Email Privacy IssuesEssay title: Email Privacy IssuesEmail Privacy IssuesAs a result of recent lawsuits against many organizations, companies have developed a policy on proper email practices on company computers. No longer is your personal email regarded as private when accessed on a company’s computer. Companies, in order to decrease lawsuits and increase productivity, have purchased email monitoring software to track email usage during work hours. Therefore, with the onslaught of email monitoring, is a private email really private?
In NetworkWorld’s The Perils of Privacy, Sharon Gaudin discusses the benefits of a company having a well-defined email policy. She provides the pros and cons of whether a company should invest in an email monitoring system. According to Gaudin, companies are held liable for what their employees do when using company equipment. A joke between to college buddies can be deemed sexual harassment by the company and open up a lawsuit if it ends up in the wrong hands. Because of this, companies have begun monitoring not only emails that employees send, but the websites they visit. Is this ethical? Some would say yes. A company has to protect its name and assets. The business arena is just for that…business. Employees are not paid to do personal business on company time. Leisure activity on the internet slows productivity and costs money.
The Guardian, 3 November 2014. [3]
A few things are obvious: Facebook’s Privacy Policy makes no mention of an email, and it doesn’t mention an email list. It doesn’t even add anything to information about the social activity that people use to get in touch or share with friends.
In a June 2012 post, Gaudin said that she would take a few steps towards creating the email security for her company’s site: (i) make one where emailing uses data that doesn’t include data from email providers, (ii) develop one in which the content is encrypted and a system of user ID (email addresses in the user ID is optional so people can see your messages on your site); (iii) work on an ecommerce program that does all the emailing and the emailing metadata, which could be included in the ecommerce program and stored on a server somewhere in the home.

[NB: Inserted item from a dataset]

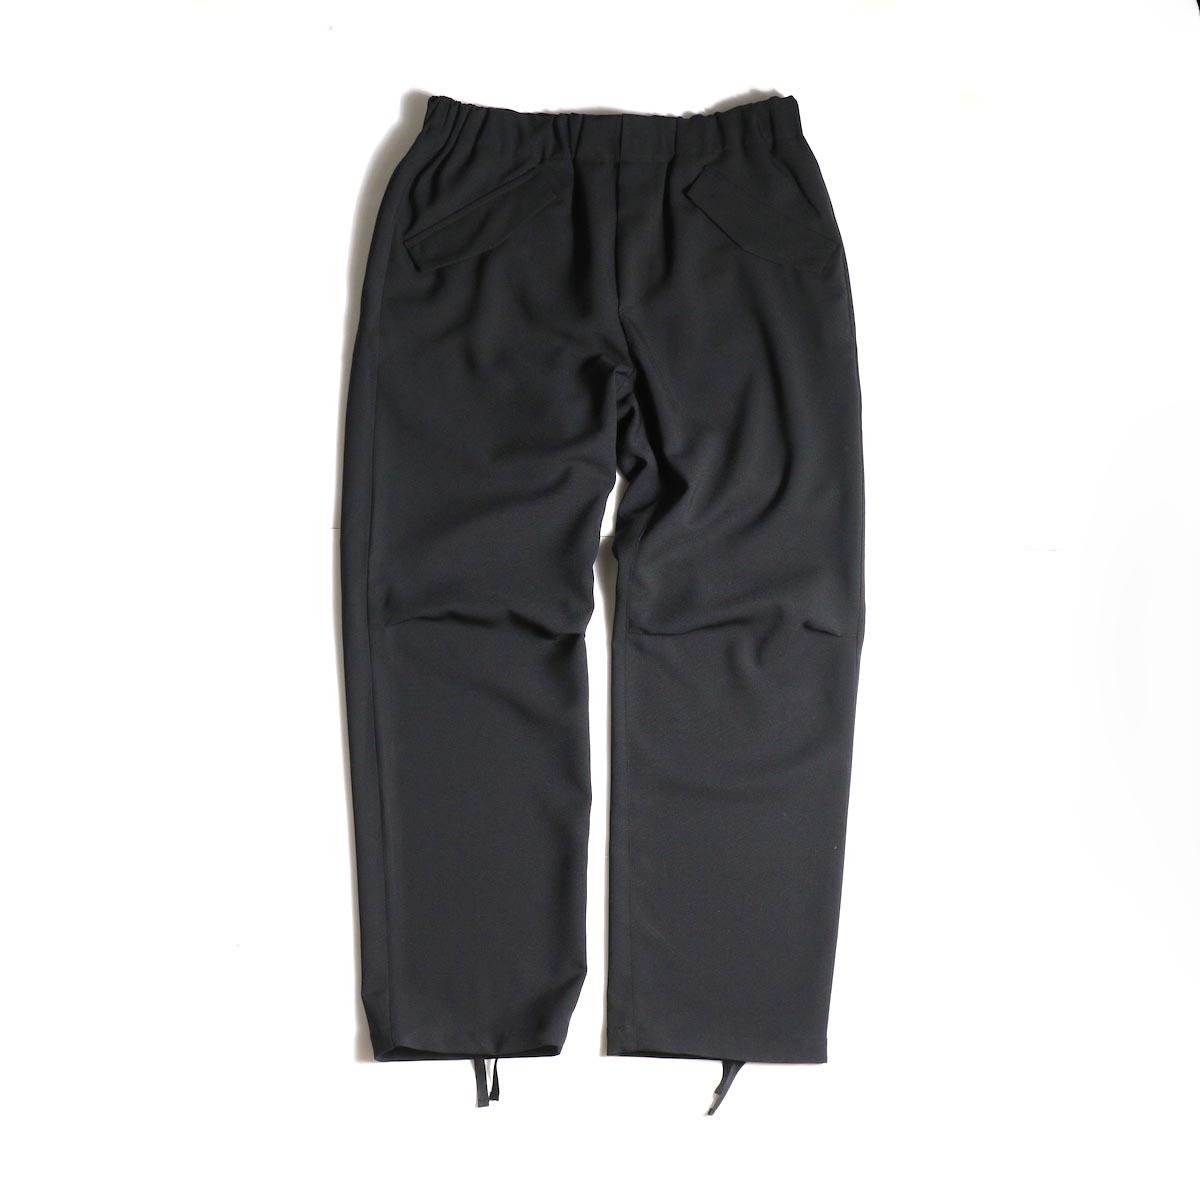 FUTURE PRIMITIVE / FP M-65 EASY PANTS (Black)
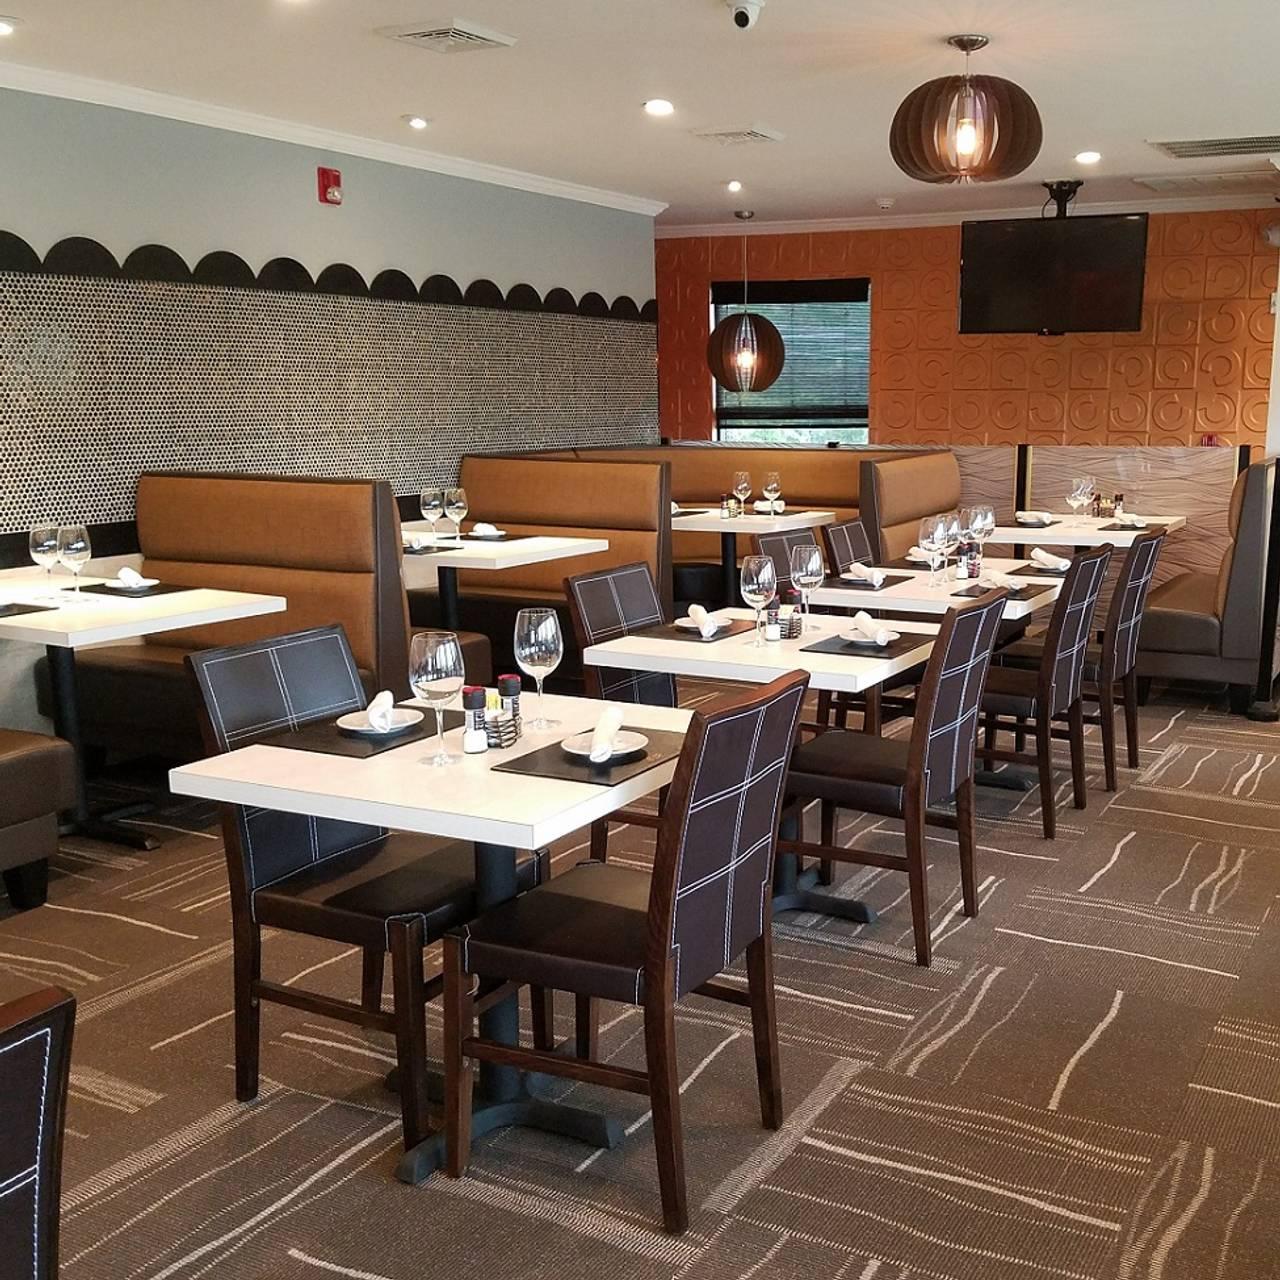 Vivo Italian Kitchen Restaurant Allentown Pa Opentable

A company would have to maintain separate, publicly available policies for the different categories of the user and the email addresses in their database, and a company could only ask for those specific kinds of information. The latter would be protected under the Privacy Act, a requirement that the company have. (In fact, several years ago, the US Justice Dept. stated that such an agreement should be struck. But because the Privacy Act already requires that information be shared publicly, a company could still have a hard time getting access to it in the future.)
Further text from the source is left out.